Many proteins of the cytoplasmic plaque contain one or multiple PDZ domains (Figure 6). We next discuss some key features of these ubiquitous PDZ domains. PDZ domains regulate multiple cellular processes by promoting protein–protein interactions and are abundant protein modules in TJ proteins, but also in many other proteins in all kingdoms of life. Frequently, PDZ domains are associated with WW, SH2, SH3 (Src homology 2 or 3), or PH (Pleckstrin homology) domains within one polypeptide chain [77]. The term PDZ is derived from the three founding members of the family, PSD-95 (postsynaptic density-95), the Drosophila tumor suppressor protein DLG-1 (discs large 1), and ZO-1. As early as 2010, > 900 PDZ domains were annotated in > 300 proteins encoded in the mouse genome, and > 200 X-ray or NMR structures of PDZ domains from various sources were known [78]. In August 2019, a PDB [79] search returned 533 entries with the keyword “PDZ domain” and 138 entries with the keyword “PDZ domain-like”. Thus, extensive structural data are available for these domains. In general, PDZ domains are structured as a β-sandwich capped by two α-helices and bind ligand peptides in a shallow groove between helix α2 and strand β2 (Figure 7a). Their propensity to dimerize via domain swapping was first described for the second PDZ domain (PDZ2) of ZO-2 [80] and later also for PDZ2 of ZO-1 and ZO-3 (Figure 7b, see Section 2.2.2.).

Figure 7

Structural features of PDZ domains. (a) Topology of a prototypical PDZ domain, here PALS 1 PDZ, PDB entry 4UU6 [87]. The polypeptide chain is drawn in rainbow colors changing from N- to C-terminus. A cleft for binding ligand peptides in an extended conformation is visible between strand β2 and helix α2. (b) Domain-swapped dimer formed by ZO-2 PDZ2, PDB entry 3E17 [88]. The two polypeptide chains are drawn in yellow and purple. The chain marked with an asterisk (*) corresponds to the second monomer within the dimer. Domain swapping moves the N-terminal β1 strand and half of β2 of one chain into the core structure of the other, leaving the ligand-binding geometry in both halves of the dimer intact. The PDZ2 domains in ZO-1, ZO-2, and ZO-3 are all found in the domain-swapped dimeric form [80,88,89,90,91]. (c) Canonical binding of a C-terminal ligand peptide to a PDZ domain, here PAR-6 PDZ bound to the hexapeptide VKRSLV, PDB entry 1RZX [92]. The terminal carboxy group is bound to the carboxylate-binding loop between strands β1 and β2 of PAR-6 PDZ and the extended ligand peptide aligns in antiparallel orientation with β2, extending the β-sheet. Note that this binding mode is energetically disfavored for PAR-6 PDZ and requires binding of CDC42 at a nearby CRIB domain (not shown). (d) Binding of an internal peptide to a PDZ domain, here PAR-6 PDZ bound to a dodecapeptide representing amino acids 29–40 of PALS1, PDB entry 1X8S [93]. The ligand peptide adopts an extended conformation with an aspartic acid side chain mimicking the carboxy group of the canonical C-terminal peptide ligand. Note the altered conformation of the carboxylate-binding loop.
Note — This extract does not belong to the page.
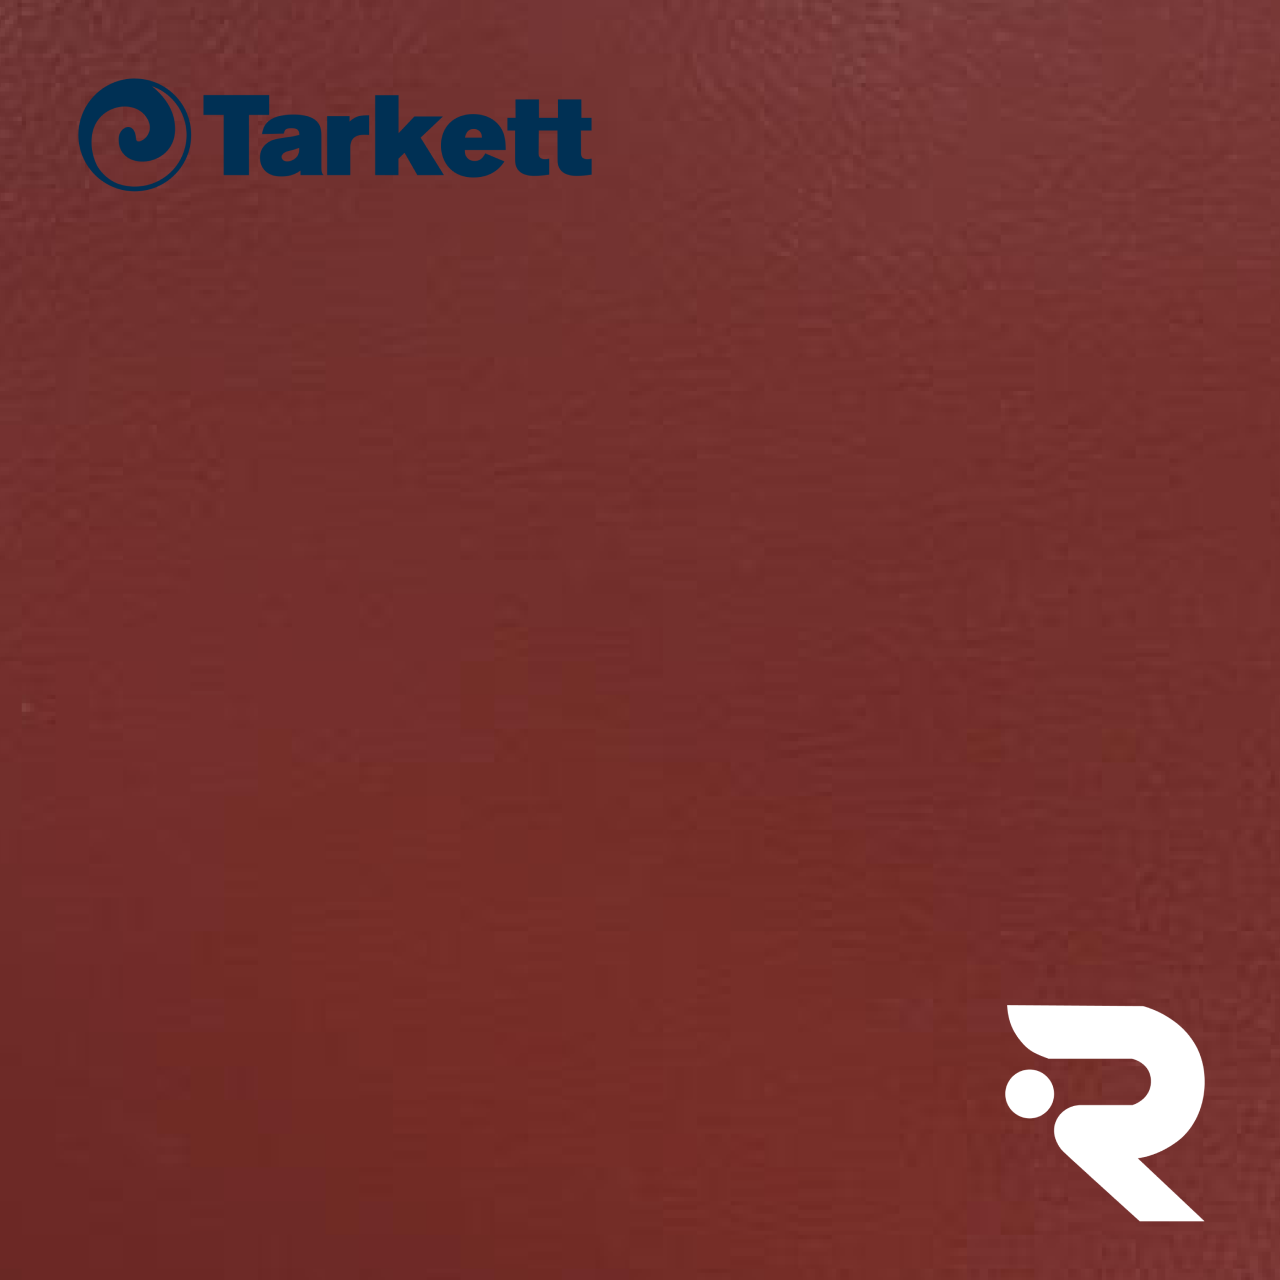 🏐 Спортивне покриття Tarkett   RED   OMNISPORTS V35   2 х 20.5 м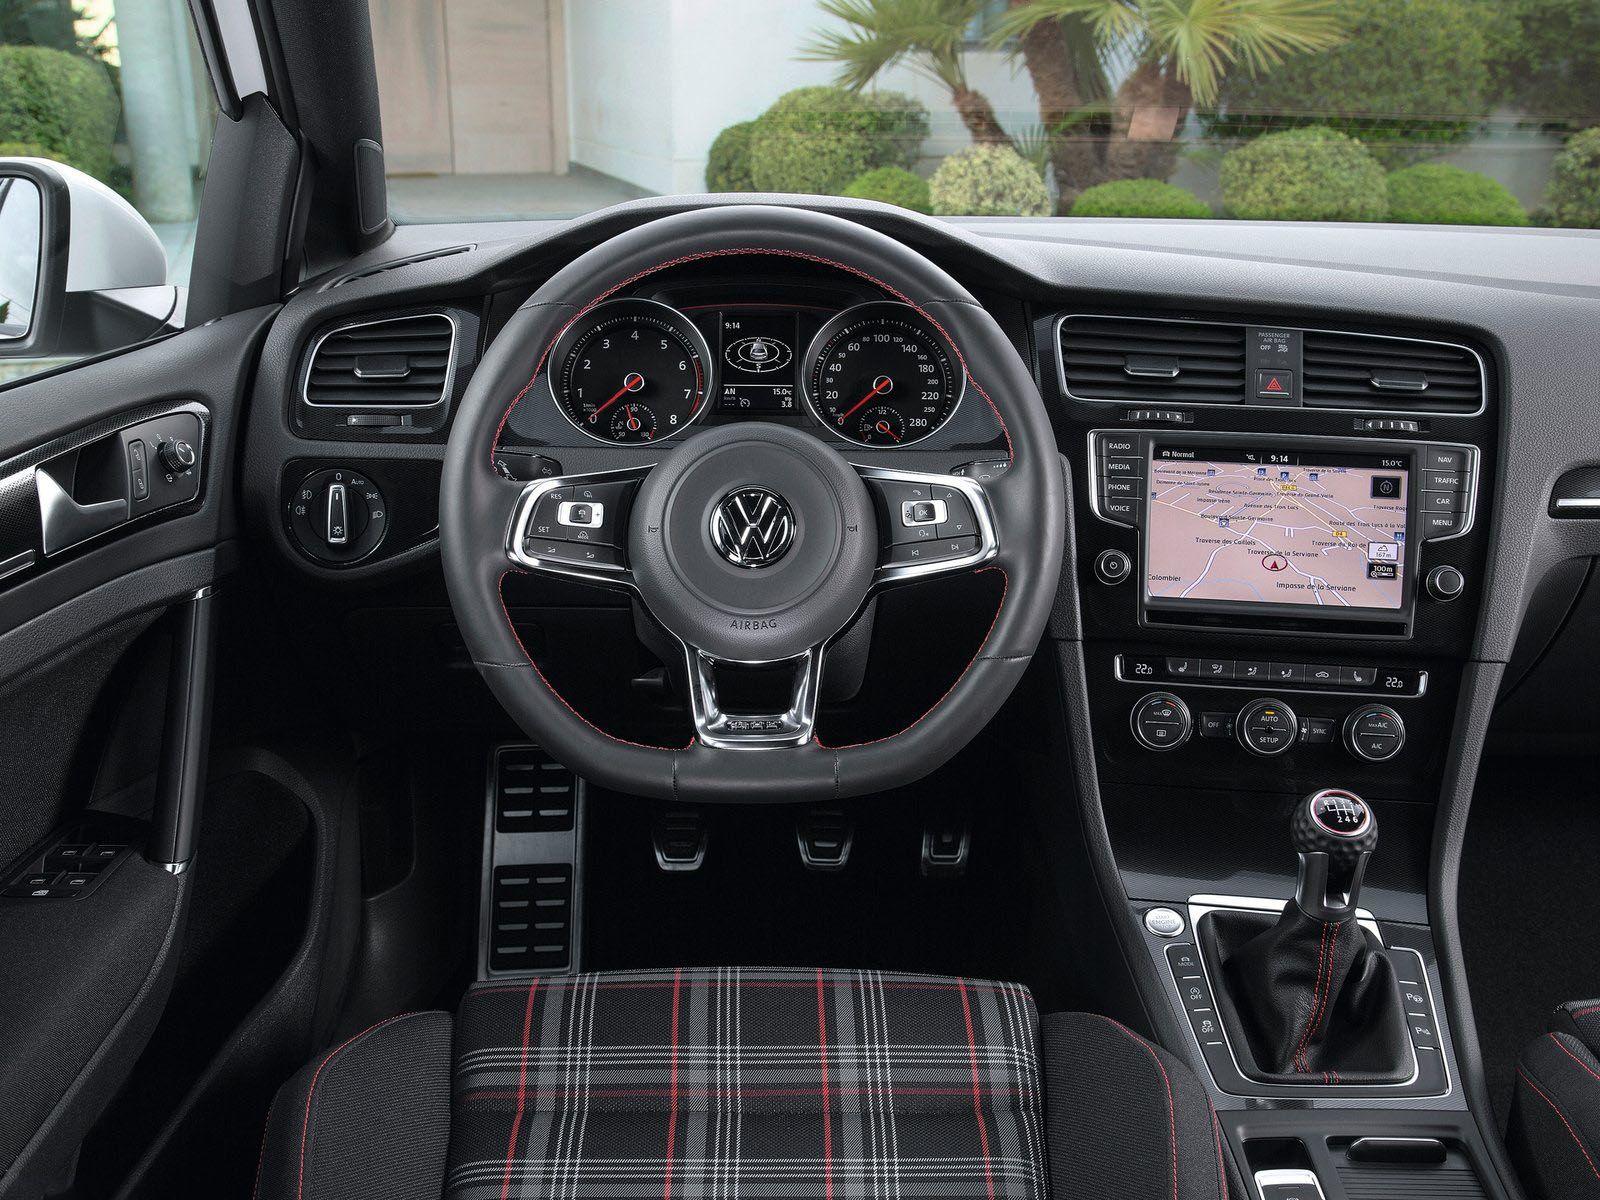 Carro Novo Volkswagen Golf Gti 2014 Golf Gti Volkswagen Golf

Domain swapping is frequently observed in small β-sheet domains. Bacterial major cold-shock proteins [81,82], for example, were found to form domain-swapped dimers. A domain-swapped three-stranded segment of the E. coli cold-shock protein CspA is capable of recombining with a polypeptide region of ribosomal protein S1 to form a closed β-barrel recapitulating structural features of both parent proteins [73].

PDZ domains have been divided into three specificity classes according to the preferred amino acid residue at position –2 (P−2) of the binding groove [72]. Typically, PDZ domains recognize sequence motifs at the extreme carboxy terminus of ligand proteins (Figure 7c), but binding of internal sequence motifs is also common (Figure 7d).

PDZ domains are regarded as promising drug targets for neurological and oncological disorders, as well as viral infections. Many structure-guided efforts are underway towards the development of small-molecule or peptidic modulators of PDZ domains [83,84], including the PDZ domains from Shank3, a central scaffolding protein of the post-synaptic density protein complex [85] and of the protein interacting with C kinase (PICK1), a regulator of AMPA receptor trafficking at neuronal synapses [86].

2.2.2. MAGUK Proteins

Membrane-associated guanylate kinase homologs (MAGUKs) constitute a family of scaffolding molecules with a core MAGUK module consisting of a PDZ, SH3, and an enzymatically inactive guanylate kinase (GUK) domain [94,95,96]. The MAGUK protein family members ZO-1, ZO-2, and ZO-3 link the TJ membrane proteins to the cytoskeleton and provide the structural basis for the assembly of multiprotein complexes at the cytoplasmic side of TJs (Figure 1) [97]. ZO-1 is a cytoplasmic component of both TJs and AJs, and connects the TJ to the actin cytoskeleton via extended, presumably unstructured polypeptide regions near its C-terminus [98]. Direct actin binding was also reported for ZO-2 and ZO-3 [24,54,55].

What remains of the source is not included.